慕寧眼前一亮,除了啟程那塊日吃的醋餅,其後每餐,雖然經歷艱險,但都吃了些野貨,別有一番風味。

“你們原本什麼打算?”

“烤羊排。”

“不錯,不錯!就是,夠分嗎?”

“昨晚和今日,咱們按照宋公子建議,持續給殿下喂生羊血,一共有三頭羊。”

慕寧笑著點頭,自覺動身,調製調料。

“多謝慕姑娘!”

蔣益禮笑著拱手,從前嘗過手下手藝,但調製的味道,都沒有慕寧調製的香、有回甘。

篝火升起來,馬車依次停靠在一旁。

眾人席地而坐,看著暗衛們翻烤羊肉,唯獨慕寧眼睛看向了別處。

“慕姑娘在看什麼?”

蔣益禮隨口問。

經歷數次同生共死,蔣益禮已經與慕寧熟稔許多。

“羊皮還在吧?”

“在旁邊,收著呢!”

“到臨州買了,可以換點藥材。”

若在從前,幾十兩銀子,蔣益禮是不會上心的,但不知是不是慕寧影響,他現在對省錢、生錢,格外上心。

“好!”

說完,蔣益禮自已也沒意識到,唇角微微翹起。

不遠處,宋亮提醒阮放,“師弟,收一收,太明顯了!”

阮放差點就起身了,對宋亮道,“不行,師兄!咱們還是得提醒提醒師妹,注意男女大防!”

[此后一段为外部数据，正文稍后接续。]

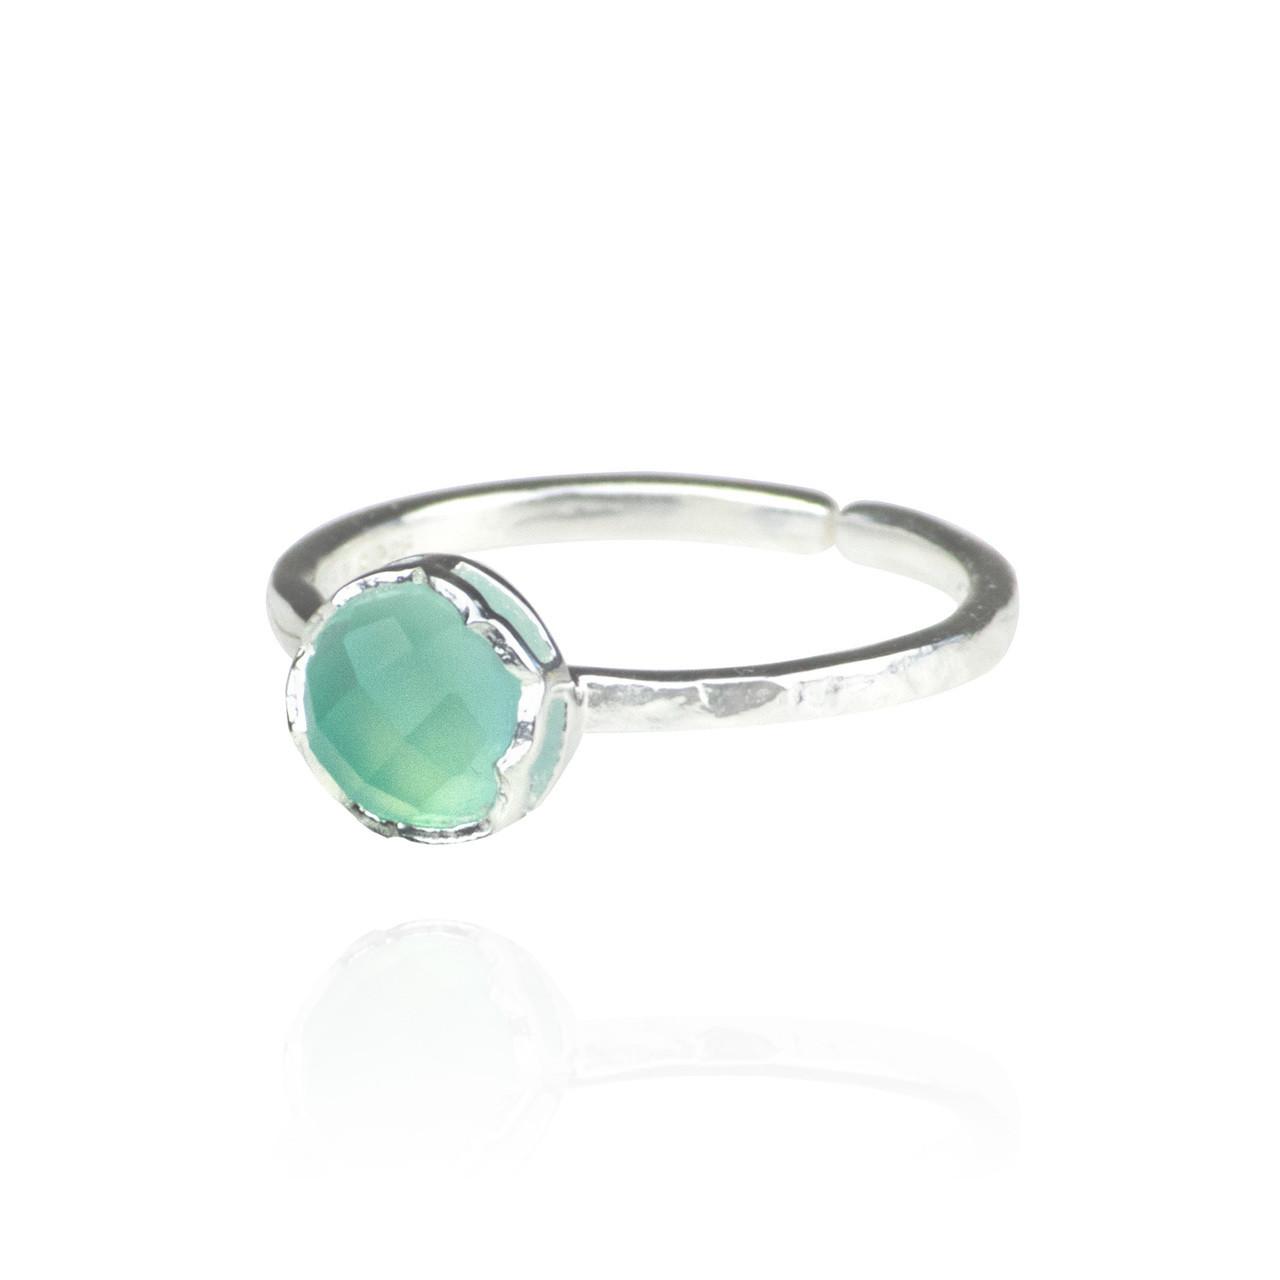 Zefyr Dosha Bracelet Sterling Silver With Aqua Chalcedony PHxkwA0Uc8

“你看看姓蔣那小子,笑得大眼睛都沒了!師妹什麼都不懂,但咱們不能讓她稀裡糊塗,被人騙了!”

宋亮輕笑,“若是師妹注意這些,前兩日我就該吐血了!”

“師妹替我走針,你忘了?”

“那不一樣......”

“沒什麼不同,你我也是男子。殿下也是。如果講究這些,會貽誤解救時間。”

“師妹性情灑脫,做事有分寸。而且你看,她是會畏懼人言的人麼?”

“咱們疼愛,應該是幫她規避風險,讓她做自已。出了問題,想著如何解決。而不是約束她舉止。”

阮放聽完後,想了想,認真點頭。

當用樹枝壘成的“烤架”上,羊肉“滋滋”冒著油香,幾名暗衛匆匆從遠方跑來。

“殿下、首領!”

霍希行不動,蔣益禮看向身旁,道:

“都不是外人,說!”

暗衛緊促稟報,“前方半里地處,有數百乞丐、流民,朝這邊趕來......”

蔣益禮側頭。

裴炎心細,開口問道,“有沒有調查,他們為何而來?”

安慰表情怪異,艱澀道:“屬下沒有靠近,保持距離,因為......”

“他們全身潰爛流膿,老人、小孩也是,一看,就有問題!”

“什麼?”

阮放一聽,瞬間起身。

“全身潰爛流膿?”

他看向慕寧和師兄。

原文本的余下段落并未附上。